PROMPT:
Skip the pictures and give back the rest of the listing exactly.
───── SUPPLIED MATERIAL
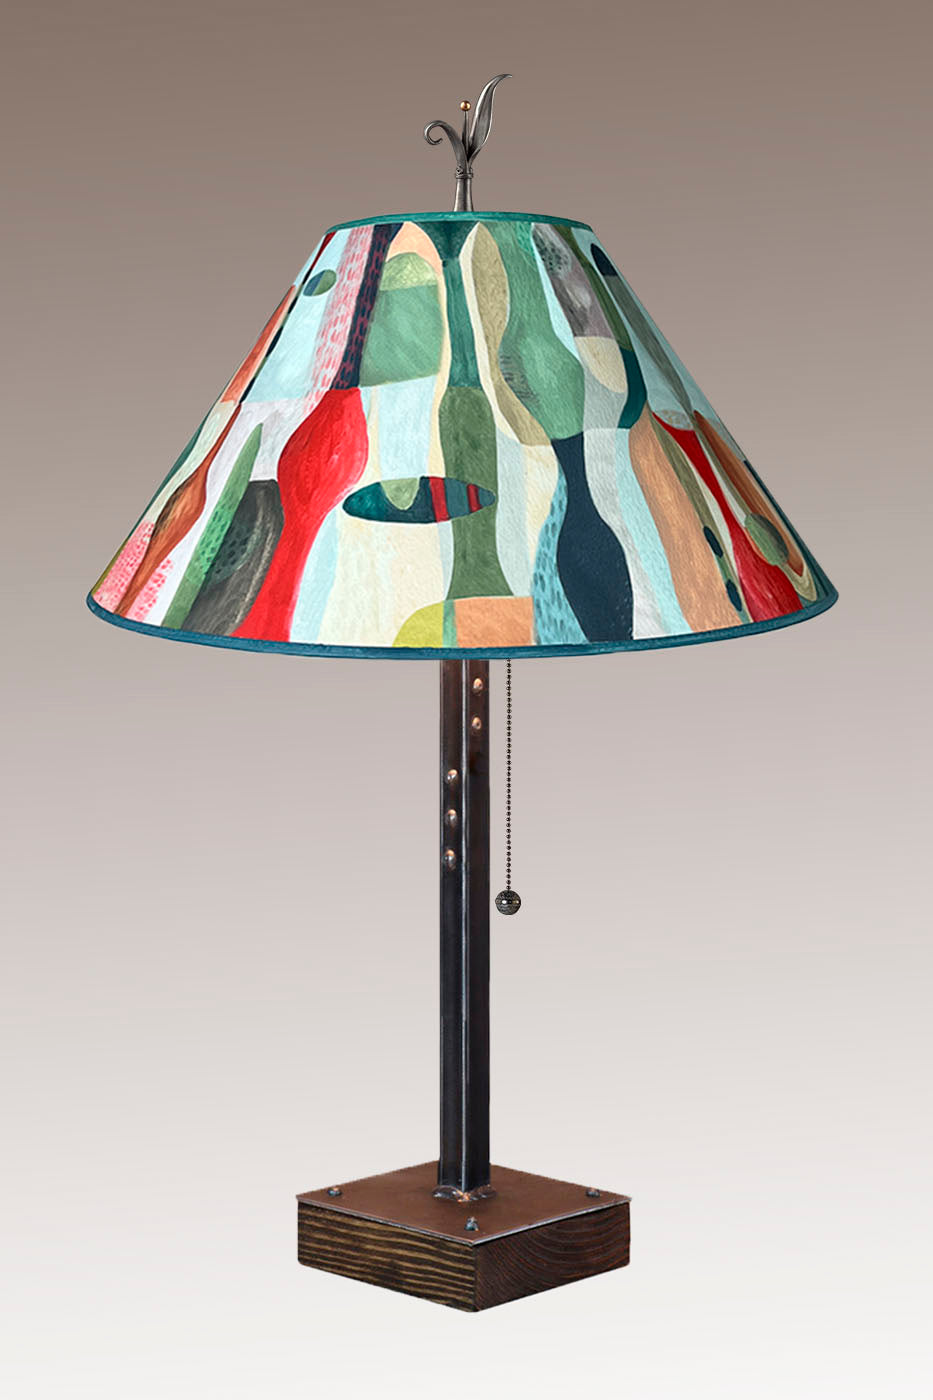 Steel Table Lamp on Wood with Large Conical Shade in Riviera in Poppy
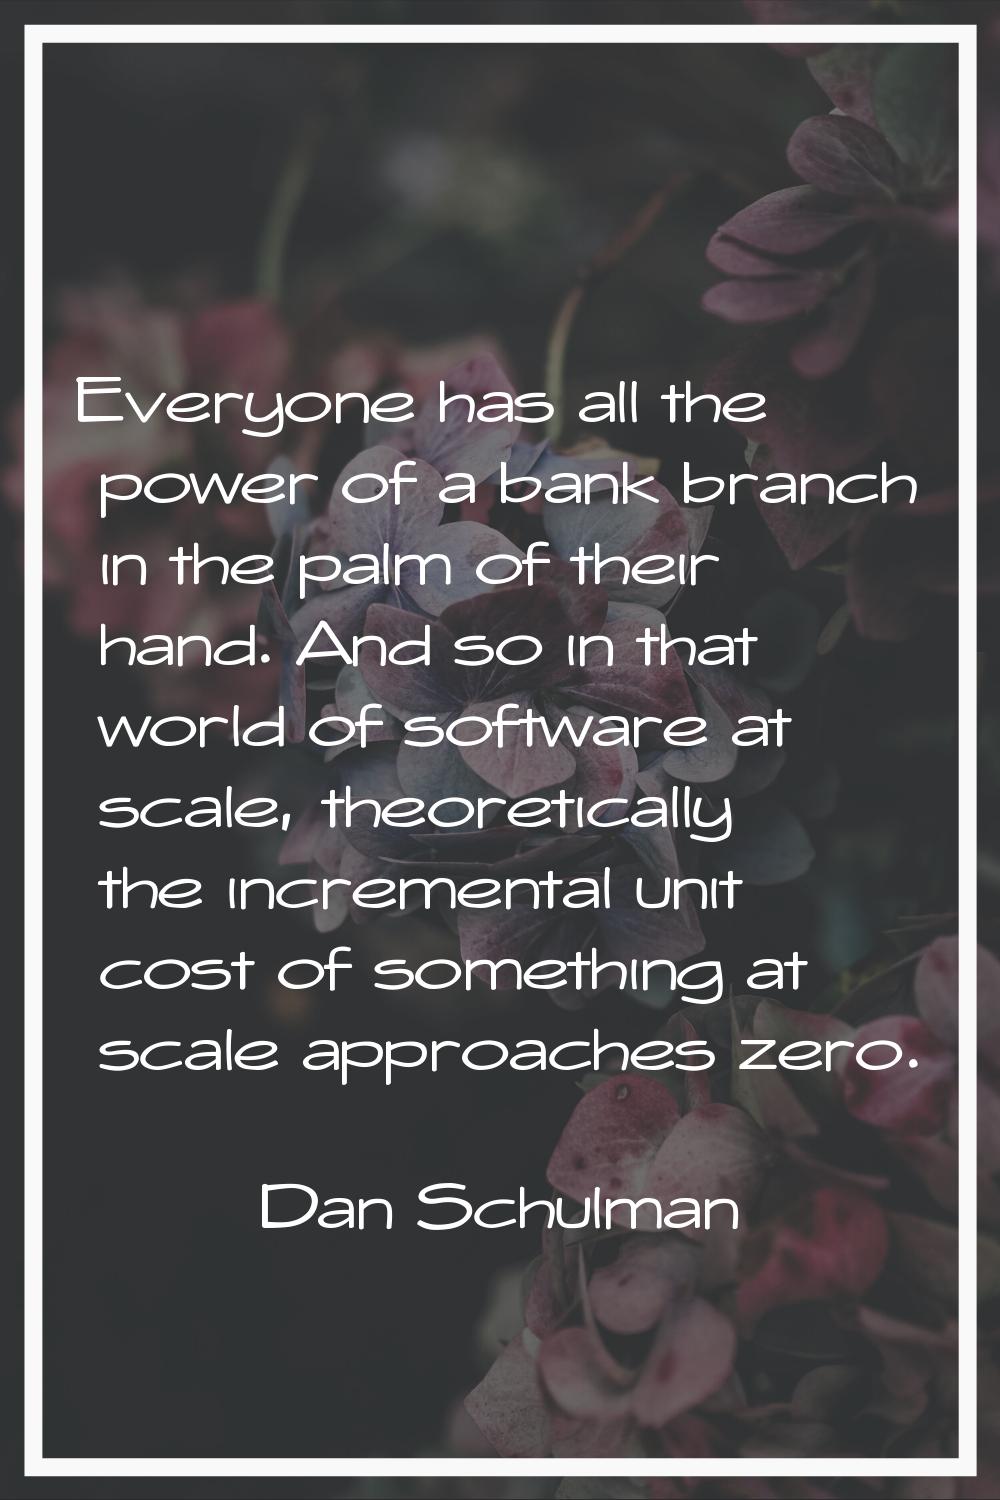 Everyone has all the power of a bank branch in the palm of their hand. And so in that world of soft
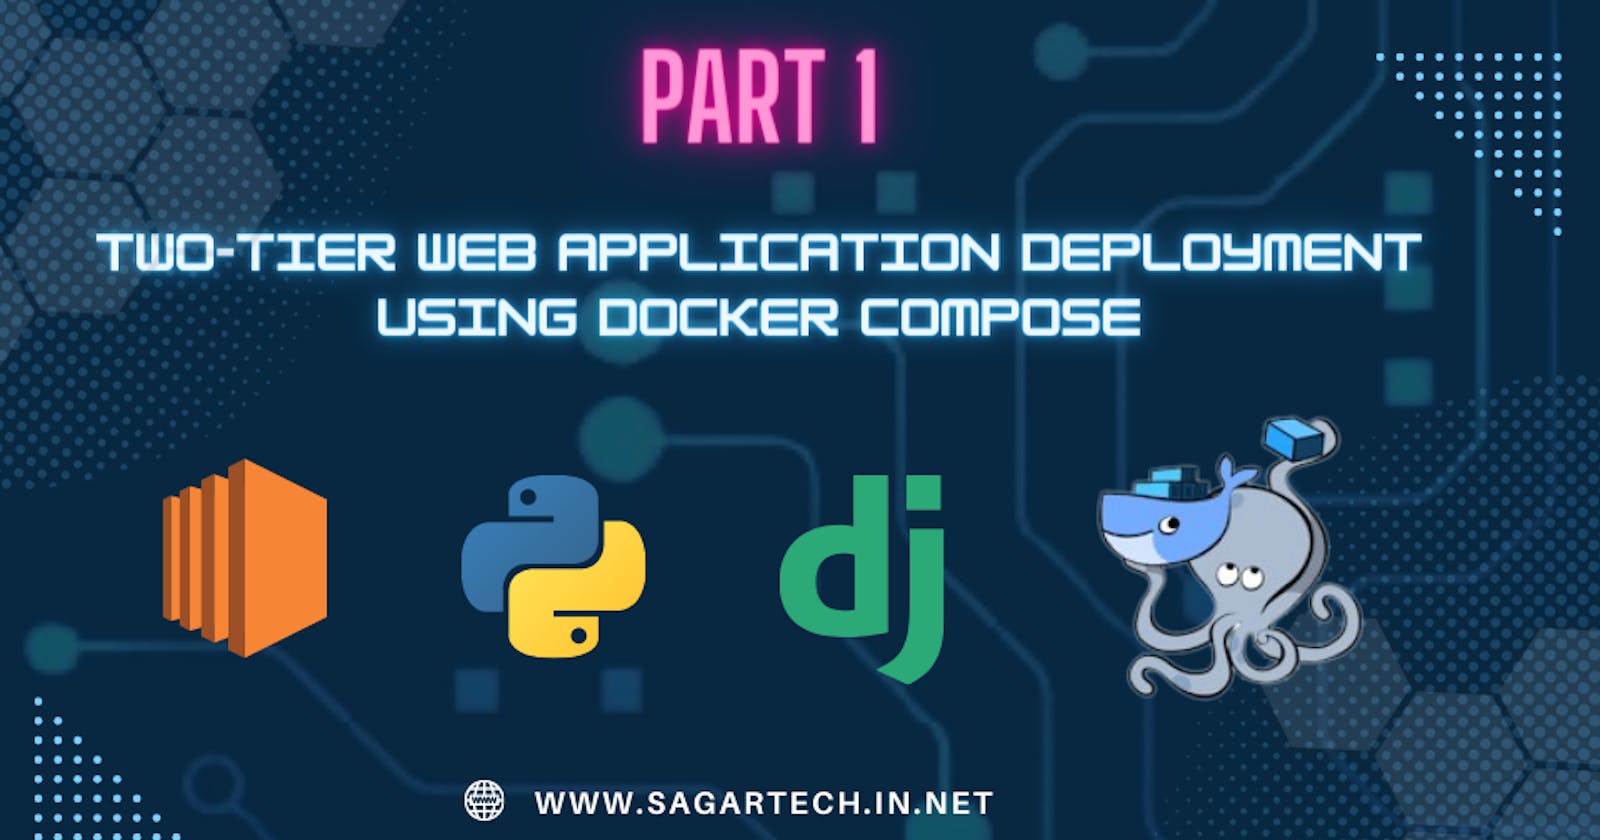 Two-Tier Web Application Deployment Using Docker Compose
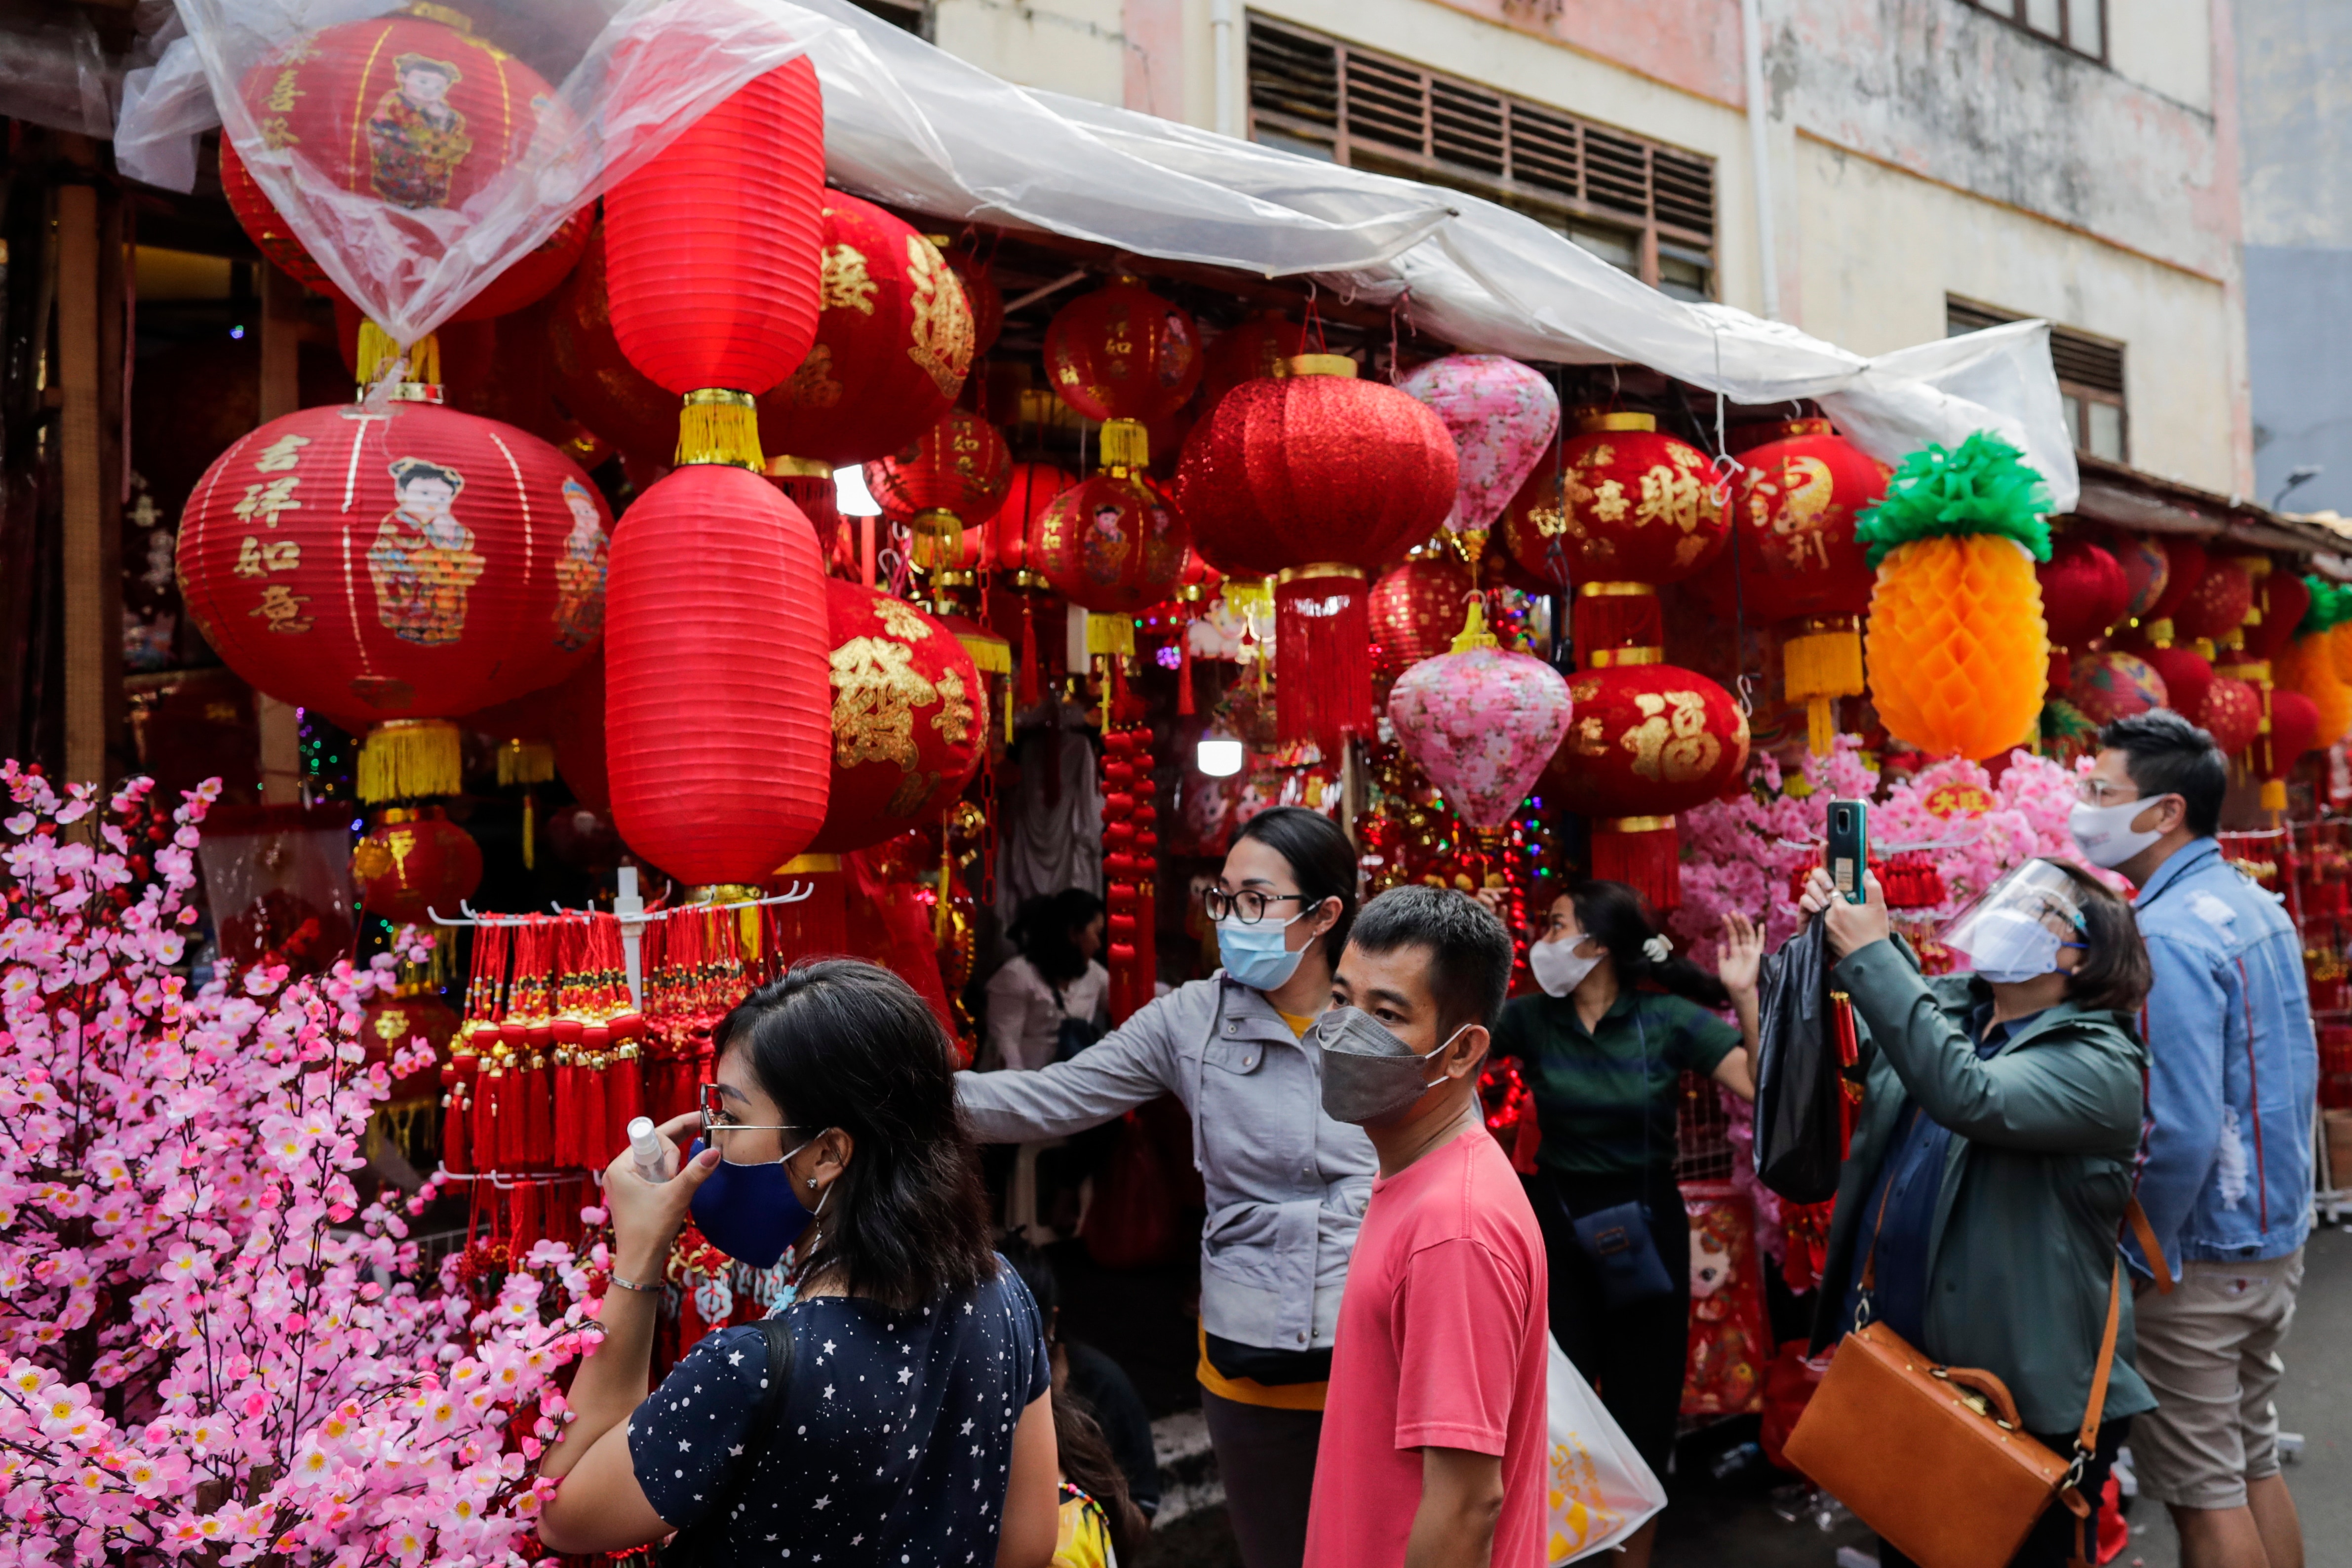 Customers shop for decorations for the upcoming Chinese Lunar New Year at a street side stall in Jakarta, Indonesia.
──────────
EXPECTED ANSWER:
 Steel Table Lamp on Wood with Large Conical Shade in Riviera in Poppy
 Everyone has all the power of a bank branch in the palm of their hand. And so in that world of soft
 Two-Tier Web Application Deployment Using Docker Compose
 Customers shop for decorations for the upcoming Chinese Lunar New Year at a street side stall in Jakarta, Indonesia.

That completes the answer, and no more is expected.